Compression / decompression. The processor unit PRZE comprises a processor CPU, a memory SPE and an input / output interface IOS, which is used in different ways via an interface IFC: an output is visible on a monitor MON and / or on a printer via a graphic interface PRT issued. ^• An entry is made via a mouse MAS or a keyboard TAST. The processor unit PRZE also has a data bus BUS, which ensures the connection of a memory MEM, the processor CPU and the input / output interface IOS. Furthermore, additional components can be connected to the data bus BUS, for example additional memory, data storage (hard disk) or scanner.

Bibliography :

[1] J. De Lameillieure, R. Schäfer: "MPEG-2 image coding for digital television", television and cinema technology, 48th year, No. 3/1994, pages 99-107.

Claims

claims

1. Method for transforming an image area, in which, depending on a decision unit, first a vertical transformation of the image area and then a horizontal transformation of the image area or vice versa, first the horizontal transformation and then the vertical transformation are carried out.

2. The method of claim 1, wherein the image area has an irregular structure.

3. The method according to claim 1 or 2, a) in which, before or after the vertical transformation, the image area is aligned along a horizontal line; b) in which the image area is aligned along a vertical line before or after the horizontal transformation.

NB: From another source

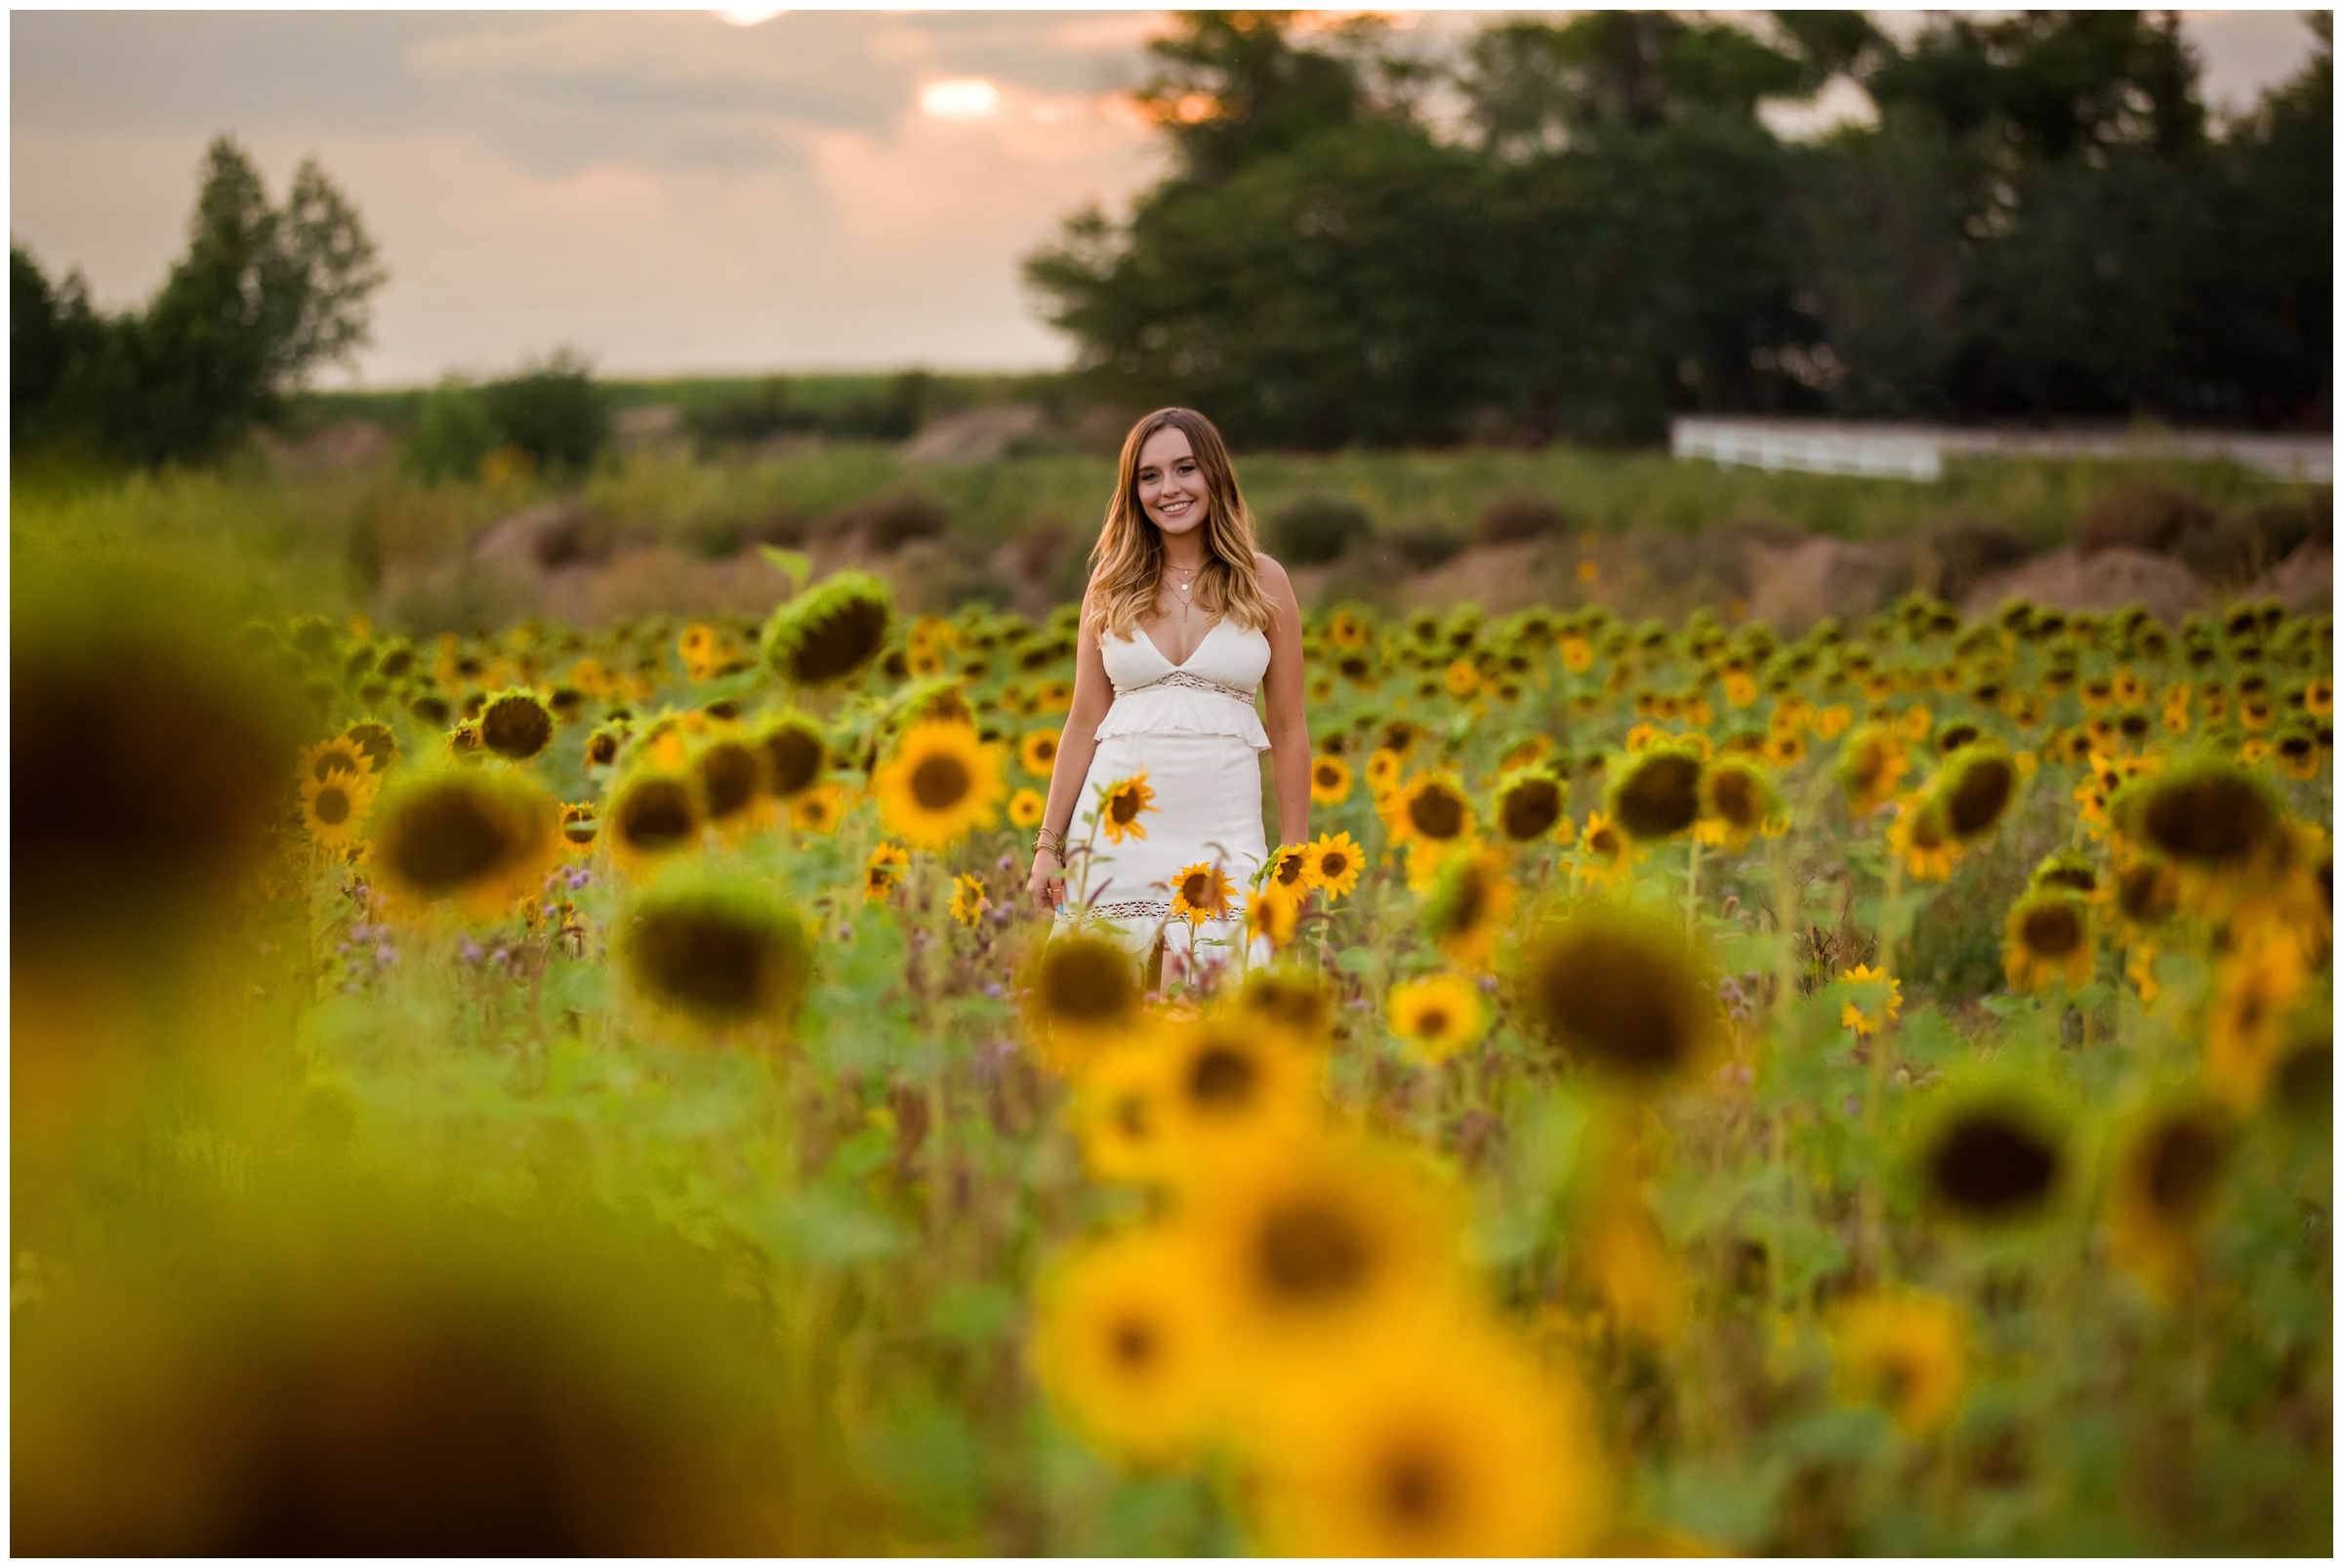 Berthoud senior photos in sunflower field by Colorado portrait photographer Plum pretty photography

4. The method as claimed in one of claims 1 to 3, in which the decision unit carries out at least one of the following mechanisms: a) if the image area is interlaced, first the horizontal and then the vertical transformation is carried out; b) the (horizontal or vertical) transformation is carried out first along which one

Correlation of pixels of the image area is stronger.

5. The method according to any one of the preceding claims, in which an additional dimension is taken into account in the transformation.

6. The method of claim 5, wherein the additional transformation is performed along a time dimension.

7. The method according to any one of the preceding claims, in which the decision unit generates side information in which the order of the transformations is contained.

8. The method according to any one of the preceding claims, wherein the horizontal transformation results from the vertical transformation by performing a mirroring on a 45-degree axis before the transformation.

9. The method according to any one of the preceding claims, wherein the vertical transformation emerges from the horizontal transformation by performing a mirroring on a 45-degree axis before the transformation.

10. The method according to any one of the preceding claims for use in a coder for compressing image data.

11. The method according to any one of claims 7 to 10, wherein the page information is used in a decoder to decompress the image area.

12. The method according to claim 10 or 11, wherein the operations of the encoder and / or the decoder are determined according to an MPEG standard or according to an H.26x standard.

13. The method according to any one of the preceding claims, wherein the transformation is a DCT transformation or an inverse IDCT transformation.

14. Arrangement for transforming an image area, with a decision unit which is set up in such a way that, depending on a value determined by the decision unit, first a vertical transformation of the image area and then a horizontal transformation of the image area or vice versa, first the horizontal transformation and then the vertical transformation can be carried out.